From the Chief Operating Officer: The Good, the Bad, and the Trail Conference

August 07, 2019
Joshua Howard
New York-New Jersey Trail Conference


From the Chief Operating Officer: The Good, the Bad, and the Trail Conference
Trail Tools. Photo by Brayden Donnelly.


One of New York State Park’s Commissioners once said, “don’t hide your uglies; let people know you have problems. Then tell how you will fix them, and go and do it.” She led one of the biggest efforts to improve NYS parks—and it’s time the Trail Conference followed her lead.

As the Trail Conference prepares to turn 99 years old, we too have some uglies. For the past few years, we have made strategic investments to enhance the organization’s capacity to execute our mission. These investments were to be offset with new income and revenues. While we are seeing improvements in our volunteer management, trail building, and visibility capacities, we have had to rely on our reserve funds to bridge the gaps in our income.

As our organization continues through its transition of leadership, we will discover more uglies. It will take some time to find the correct solutions and we will need to make some difficult decisions.
Is there a light at the end of the tunnel? YES!

In 2018, our volunteers donated more than 103,000 hours of service—one of our best years ever. We are working hard to provide these selfless individuals with even more support in 2019. I encourage you to get to know some of our crew leaders and find out more about their work—and how you can get involved.
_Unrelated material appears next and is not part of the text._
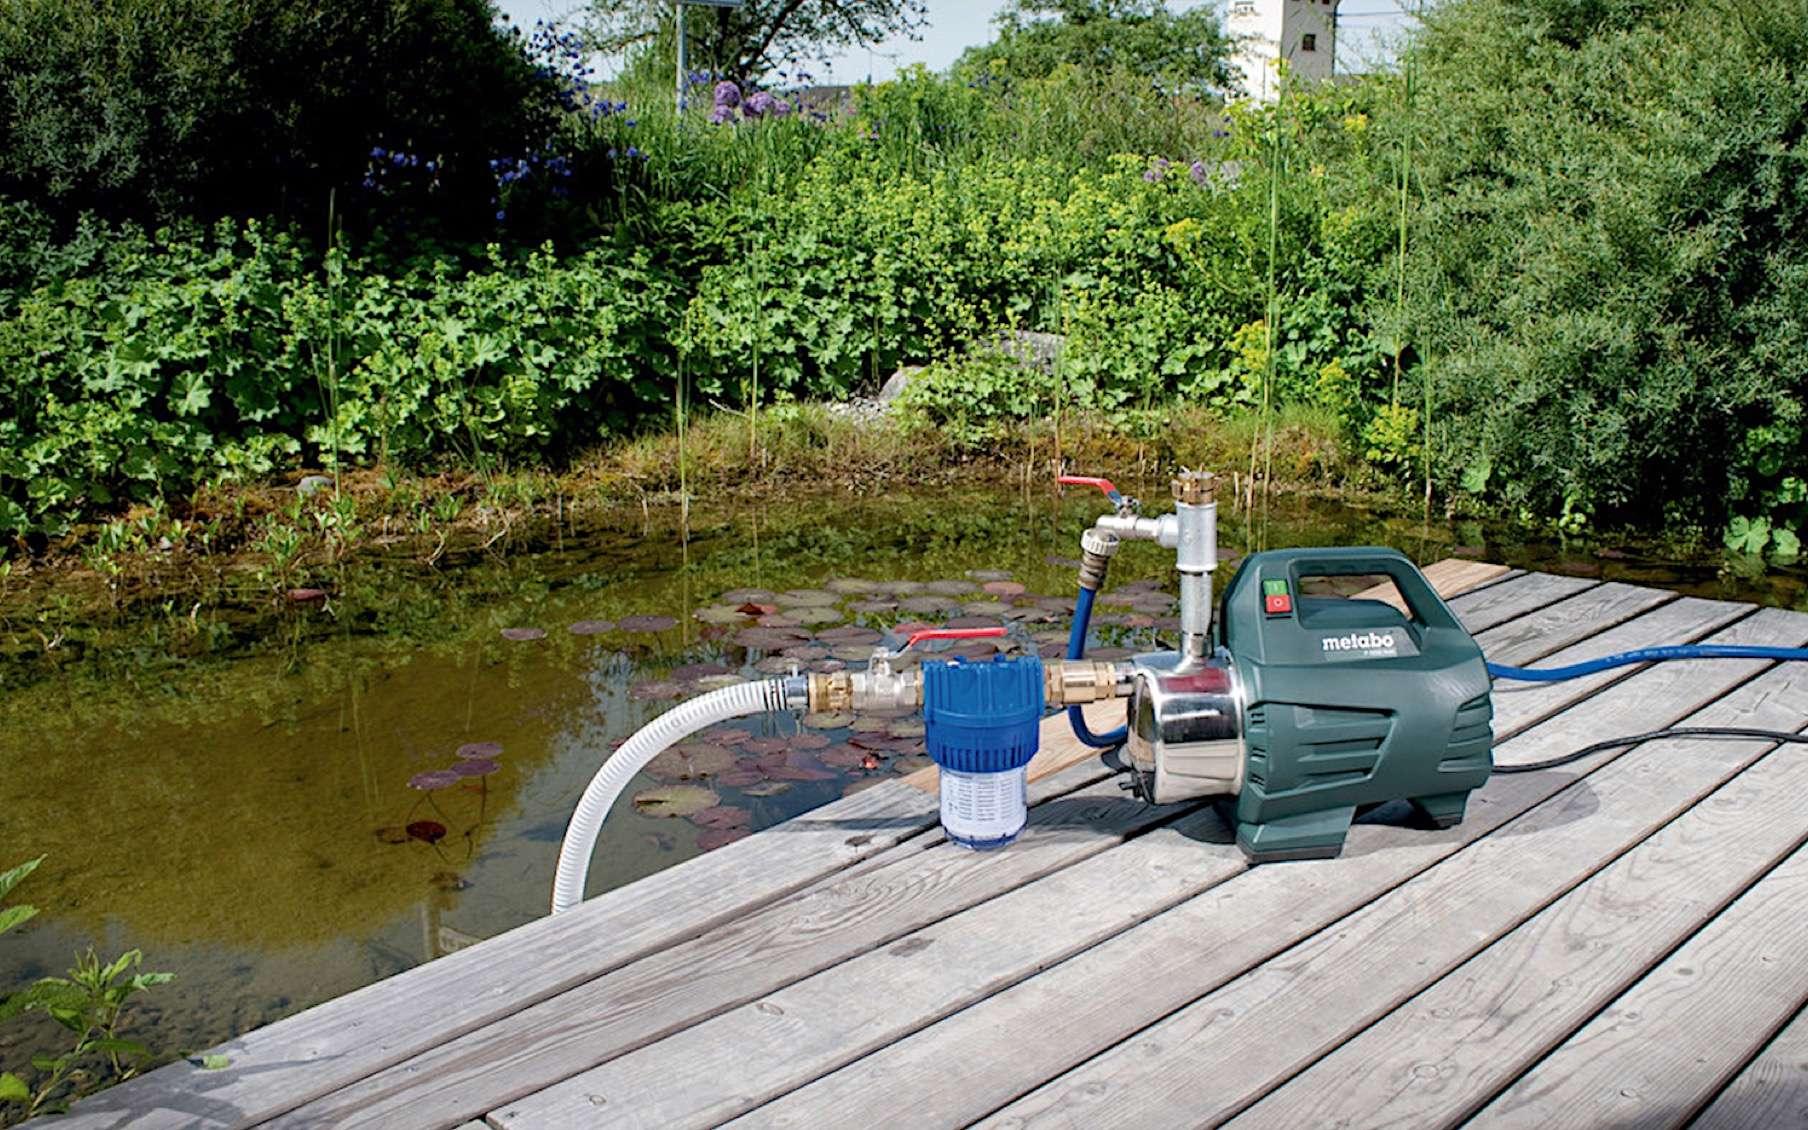 Les indices de protection sont attribués aux équipements électriques utilisables en intérieur ou en extérieur. Une pompe de surface, comme celle-ci, affiche en général un IP 55 : protection contre les poussières et les jets d'eau. © Metabo

Through the energy and passion of our Board and staff, we are developing the necessary tools to evaluate our organization so that data and analysis are used to interpret our performance.
We are creating annual and three-year plans to better connect our activities to our mission and engage our volunteers.

Our members and donors are showing their support by placing the Trail Conference in their estate plans and joining the Trail Angel Society. Read how you can become a founding member.

We are re-engaging our partners to collaborate and find new ways to share the responsibility of environmental conservation. Read the recent updates about our program in the Catskills.

There also is a Centennial celebration to plan.

Over the next few months, our volunteer leaders, Board, and staff will share the Trail Conference’s plans to fix some of these uglies.

We will develop a technology plan to address the database and website issues.

The staff will work with our volunteer leaders to identify the on-the-ground activities required to accomplish the strategies that will ultimately lead to us fulfilling our mission. The goal is to have a unified and clearly communicated plan that prioritizes our work for 2020 and beyond.

We will create a sustainable fundraising strategy to raise the funds necessary to support our volunteers and accomplish all the good work that makes trails and parks safe and enjoyable.

Along the way, we will uphold the legacy that our founders established in 1920. Our volunteers will provide the public with trails to connect them to nature. We will protect native species of plants and the ecosystems our trails traverse. Our stewards will help protect the land we love. And as we solve our problems, the Trail Conference will celebrate its successes with our members, volunteers, and agency partners. Because admitting our uglies—and rolling up our sleeves to address them—is how the Trail Conference will continue to be a force for good in its second century.